I’m not sure what the overall message of this movie is, though I do know that those involved in making it say it is a dark comedy that calls out the way our culture talks about the female body. I do not think this trailer does what they claim it does. I feel it fails and is toxic. I do know that the trailer for this movie is harmful in that it perpetuates those very things that those involved in making the movie say they are wishing to address. The trailer engages in fat shaming. The trailer does harm in that it reinforces the message that fat is ugly, thin is beautiful, and all you have to do to get thin is stop eating for a couple of months.

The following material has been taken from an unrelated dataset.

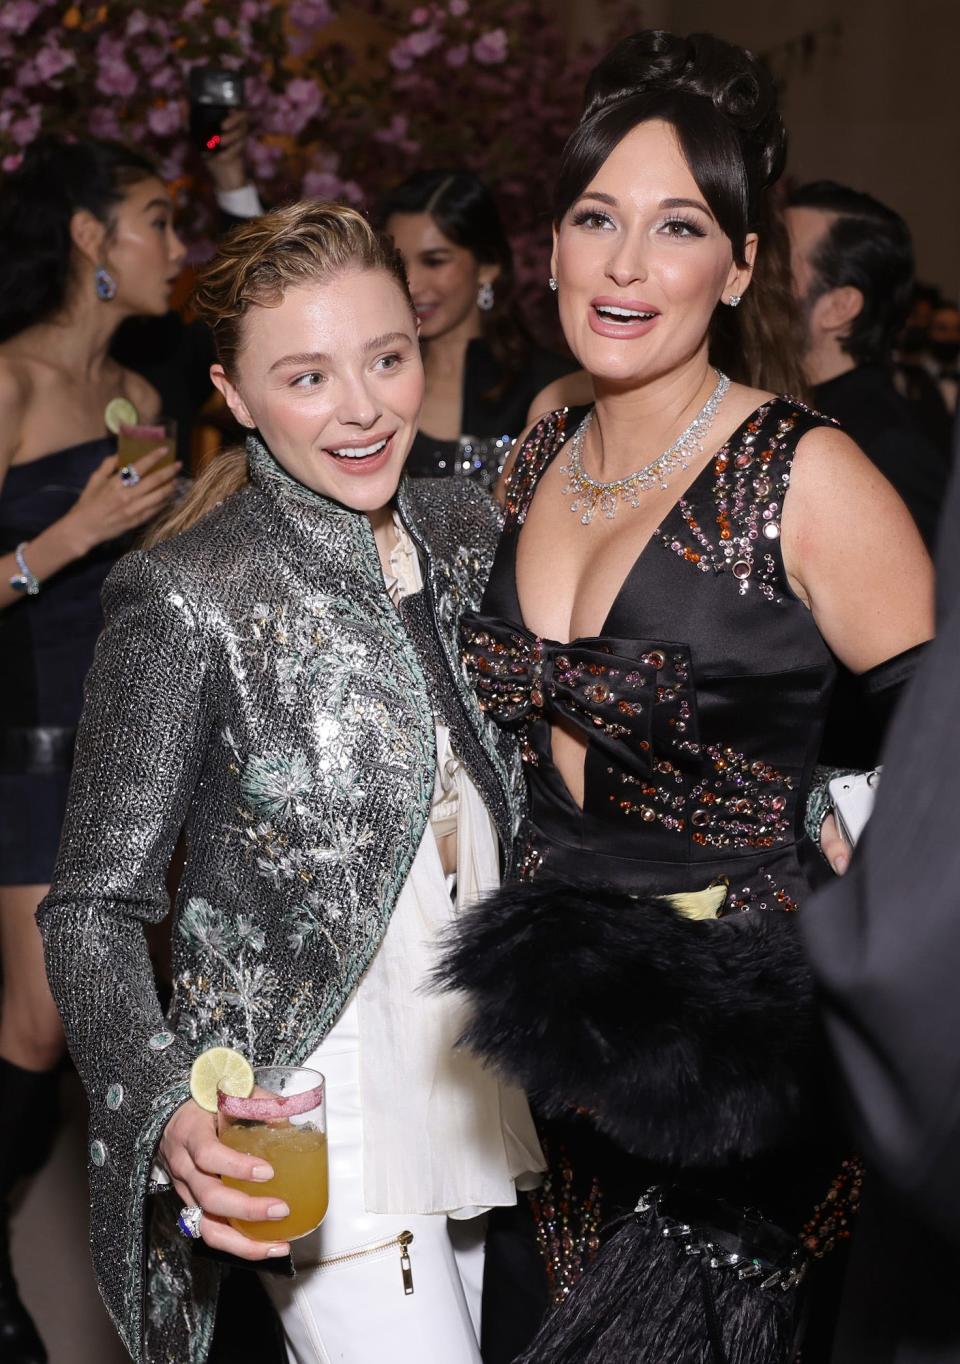 Chloë Grace Moretz and Kacey Musgraves hug at the Met Gala on May 2, 2022.

Do you know what happens when you stop eating or eat too little? Your body doesn’t get the nutrients it needs to thrive. Your hair thins. Your teeth decay. Your nails become brittle. Your skin does weird things. You sleep more. Your attitude and outlook on life changes. Your body starts to eat itself from the inside out. You will, eventually, die. Slowly at first, but then quickly.

As I mentioned in my introduction, those who develop eating disorders are never considered truly cured. They will spend a lifetime battling toxic body self-loathing, doing the work and then doing it again and again again. You don’t wake up one day and say, I’m done with this and I’m going to start eating normally and loving my body – tada! The work of healing is never done.

We have to change the way we talk about the female body in our world (and yes, men are body shamed and develop eating disorders at high rates as well). A great first step would be not making movies like this. It has the potential to trigger an eating disorder in a large number of pre-teen and teen girls who are already standing on the brink as they wrestle with what it means to inhabit a female body in this world. Insatiable is one Netflix movie that won’t be played in my house or any of my devices.